All of the data that follows is to be written out exactly, with images excluded.

PROVIDED DATA:

----

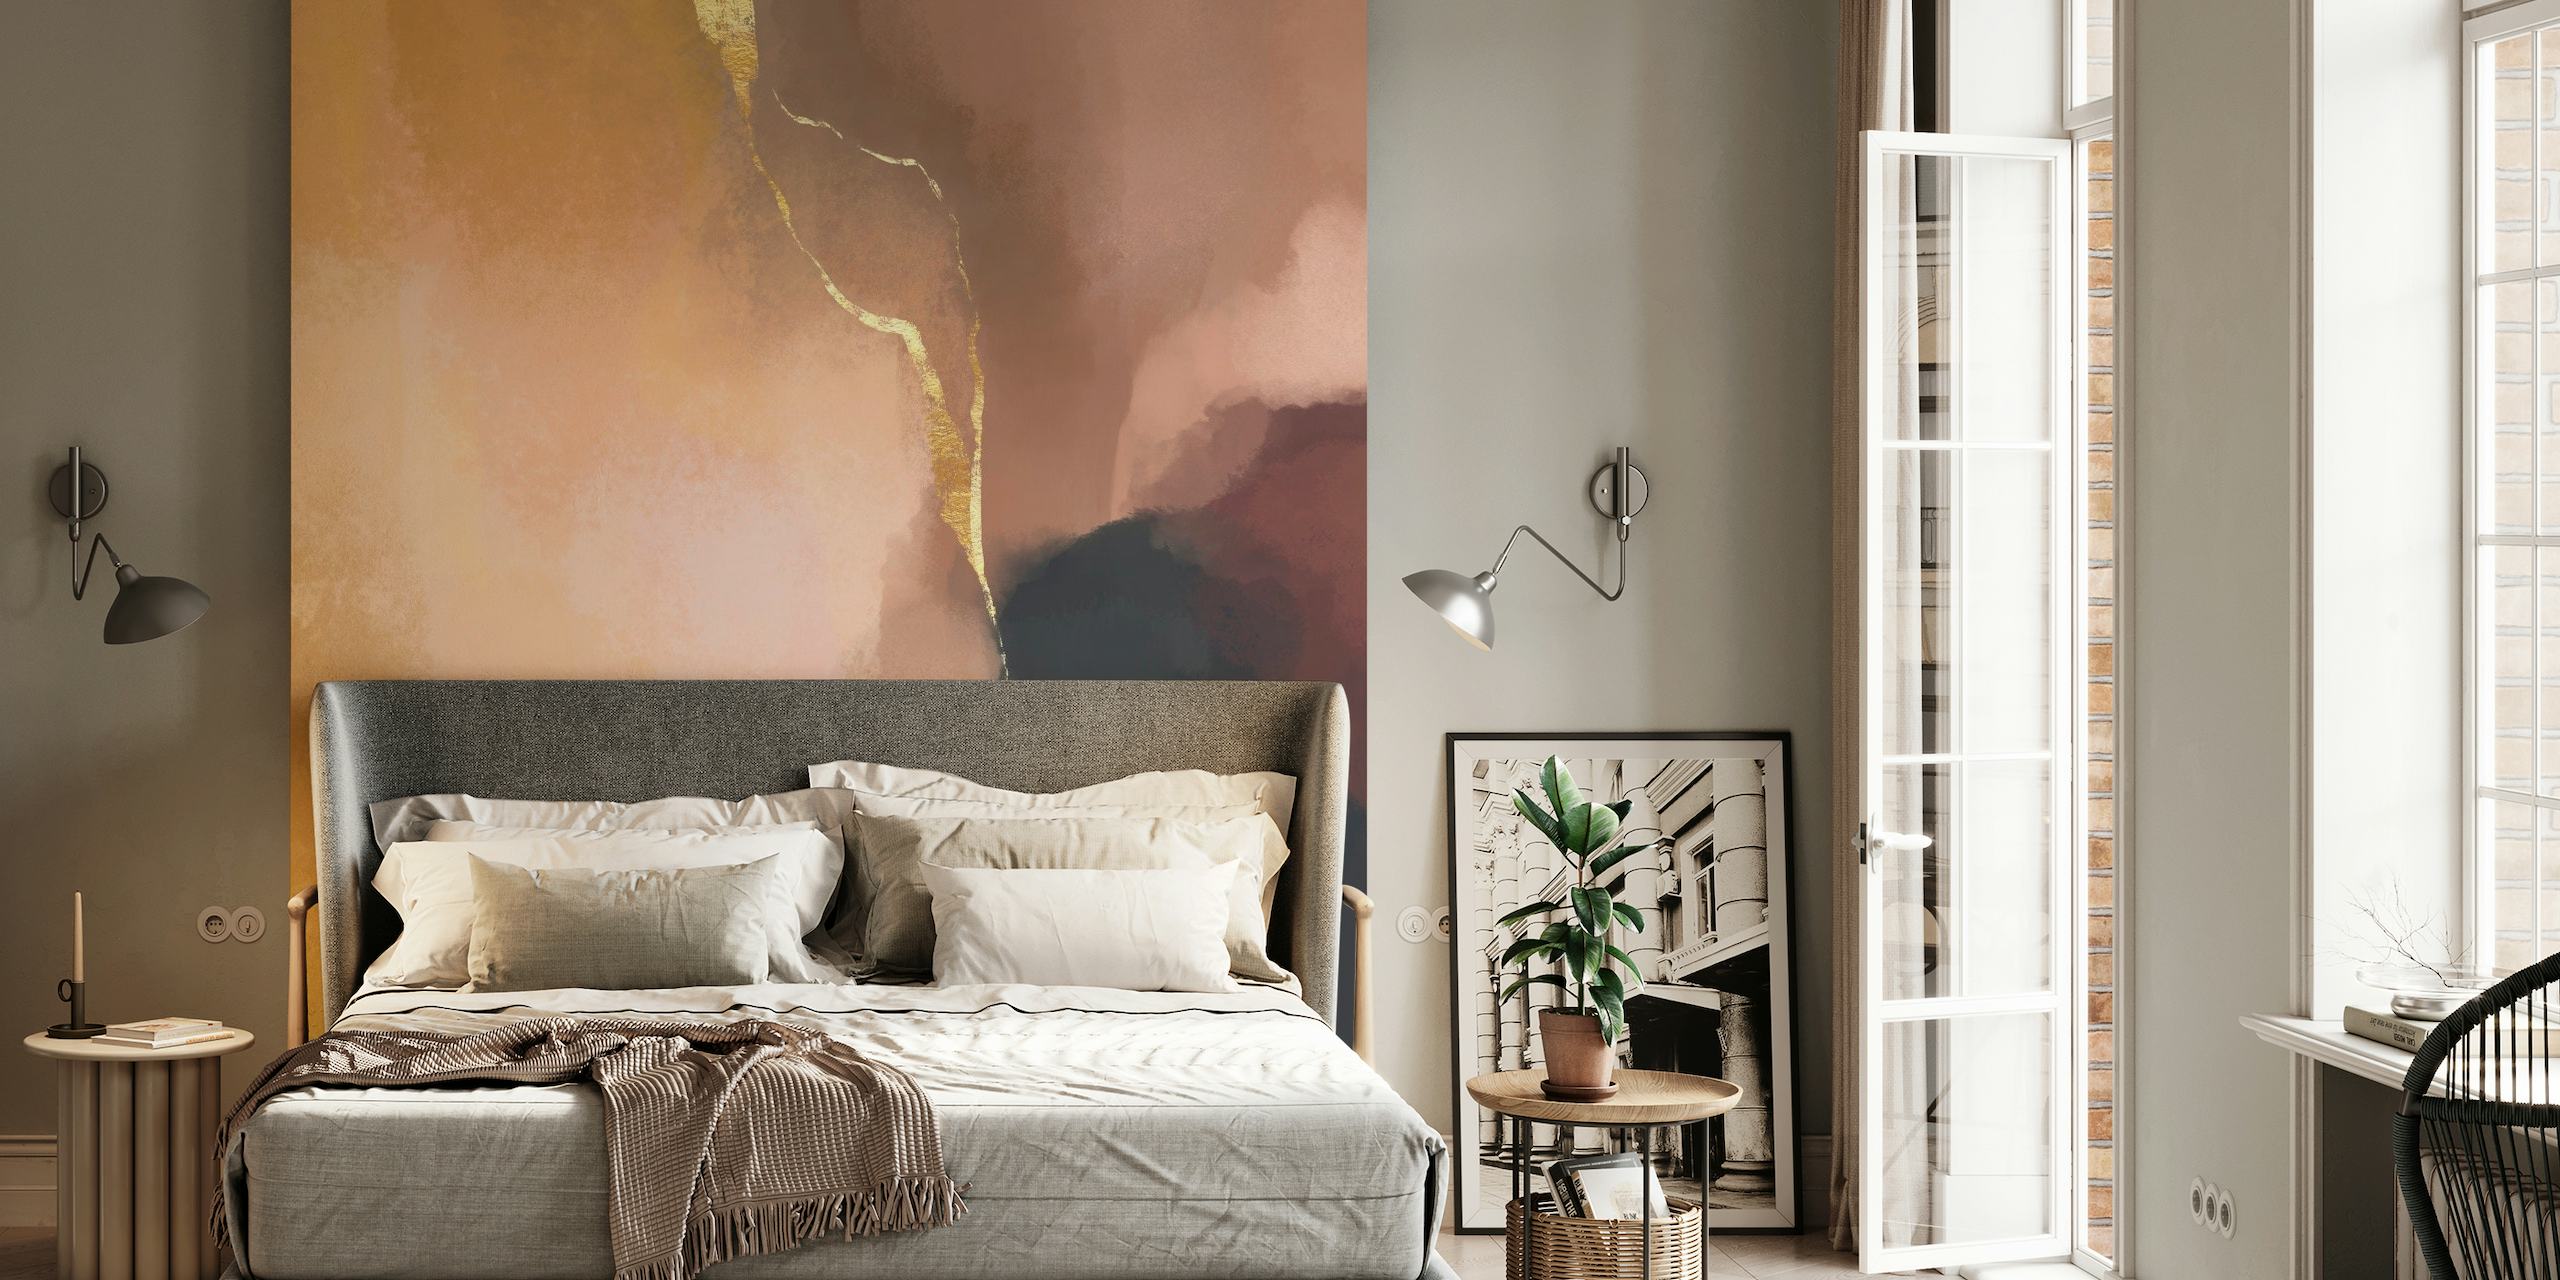 Abstract 'Stay Calm' wall mural in amber, gold, and blush tones with charcoal accents
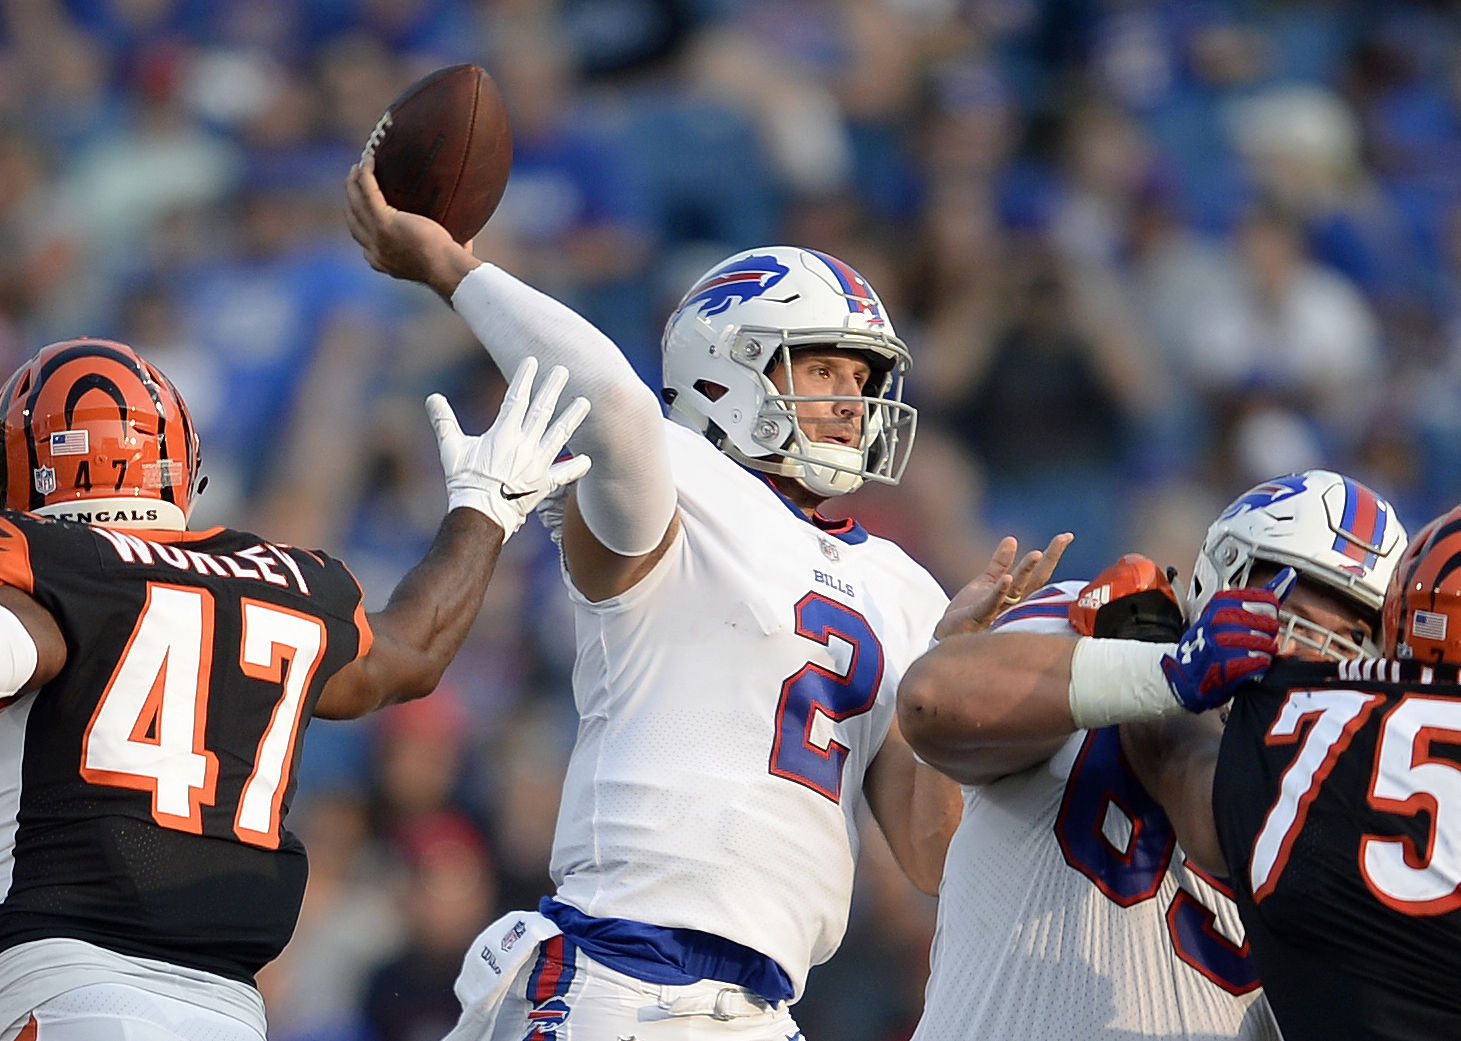 FILE - In this Aug. 26, 2018, file photo, Buffalo Bills quarterback Nathan Peterman (2) throws a pass during the second half of a preseason NFL football game against the Cincinnati Bengals, in Orchard Park, N.Y. The Buffalo Bills have named Nathan Peterman their starting quarterback in a job the second-year player is expected to hold until rookie first-round pick Josh Allen is deemed ready. The Bills made the announcement on their Twitter account before practice Monday morning, Sept. 3, 2018, as the team prepares for its season opener at Baltimore on Sunday. (AP Photo/Adrian Kraus, File)
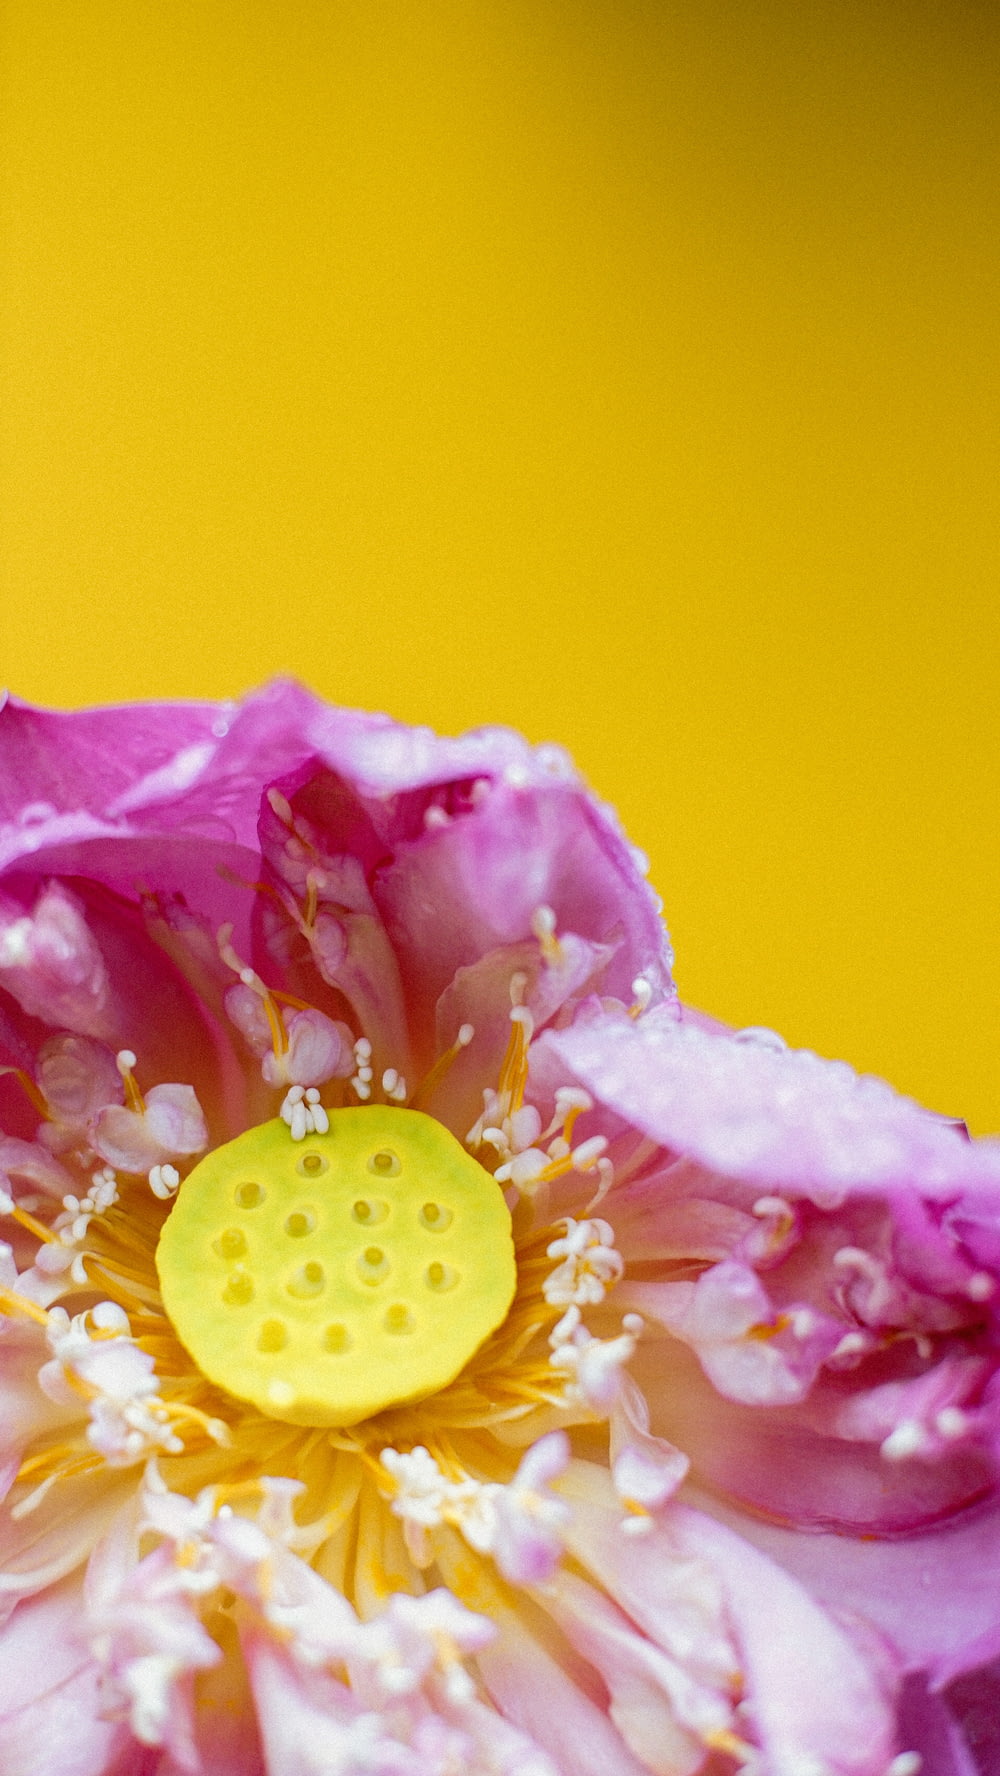 a close up of a pink flower on a yellow background
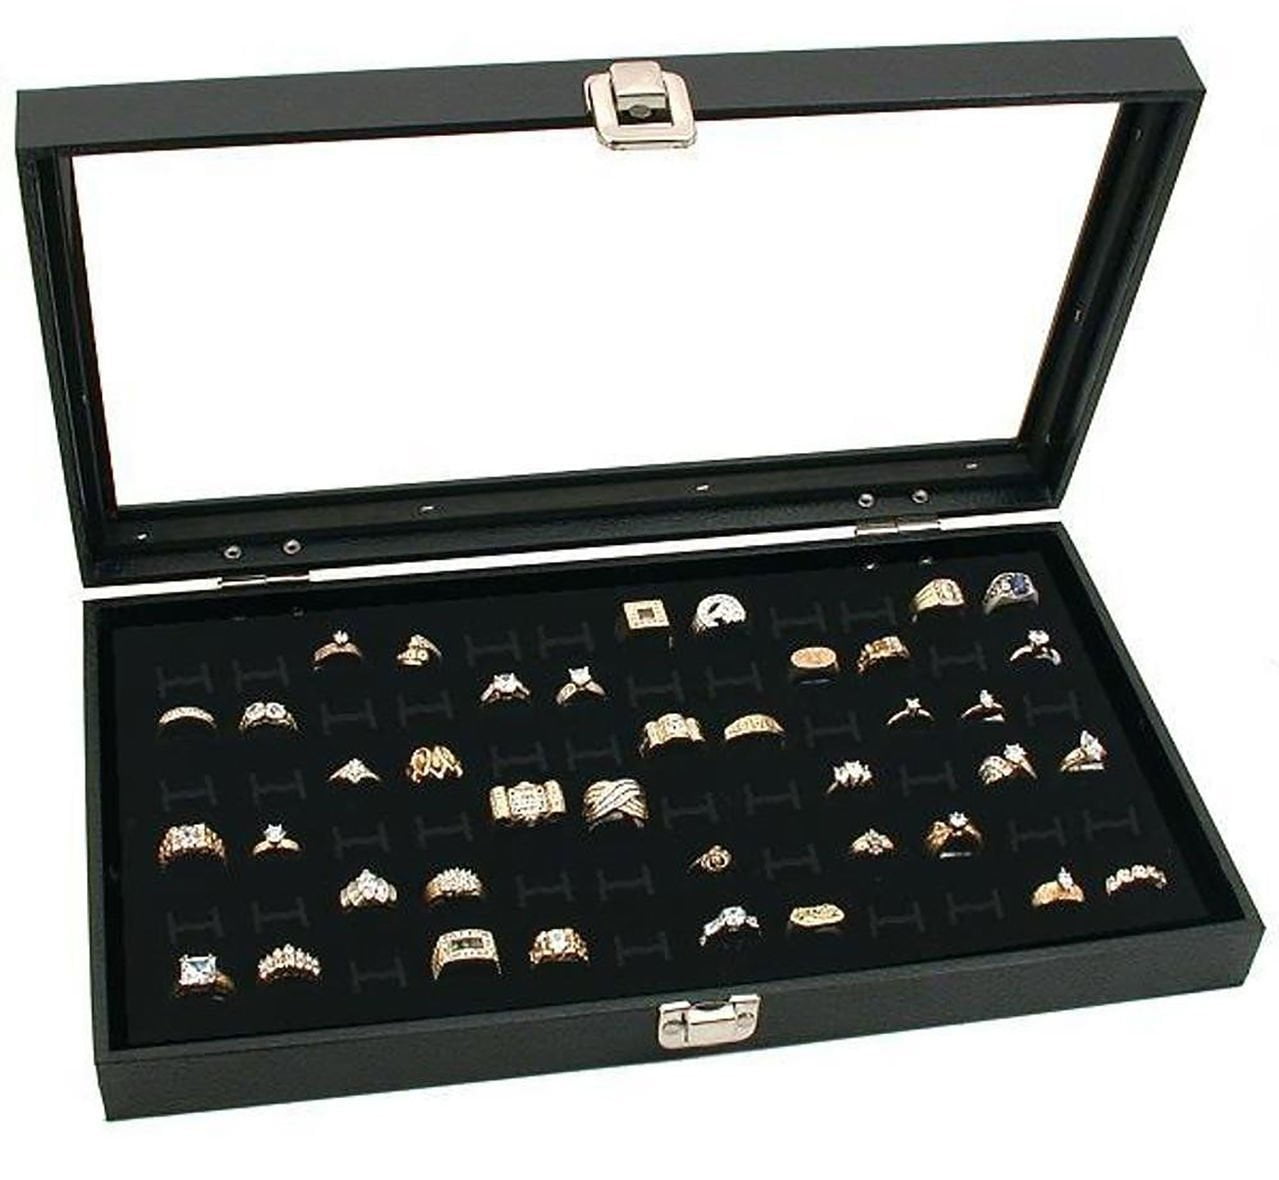 Glass Top Black Jewelry Display Case 72 Slot Compartment Ring Tray for sale online

----

OUTPUT OF THE EXERCISE:
 Abstract 'Stay Calm' wall mural in amber, gold, and blush tones with charcoal accents
 FILE - In this Aug. 26, 2018, file photo, Buffalo Bills quarterback Nathan Peterman (2) throws a pass during the second half of a preseason NFL football game against the Cincinnati Bengals, in Orchard Park, N.Y. The Buffalo Bills have named Nathan Peterman their starting quarterback in a job the second-year player is expected to hold until rookie first-round pick Josh Allen is deemed ready. The Bills made the announcement on their Twitter account before practice Monday morning, Sept. 3, 2018, as the team prepares for its season opener at Baltimore on Sunday. (AP Photo/Adrian Kraus, File)
 a close up of a pink flower on a yellow background
 Glass Top Black Jewelry Display Case 72 Slot Compartment Ring Tray for sale online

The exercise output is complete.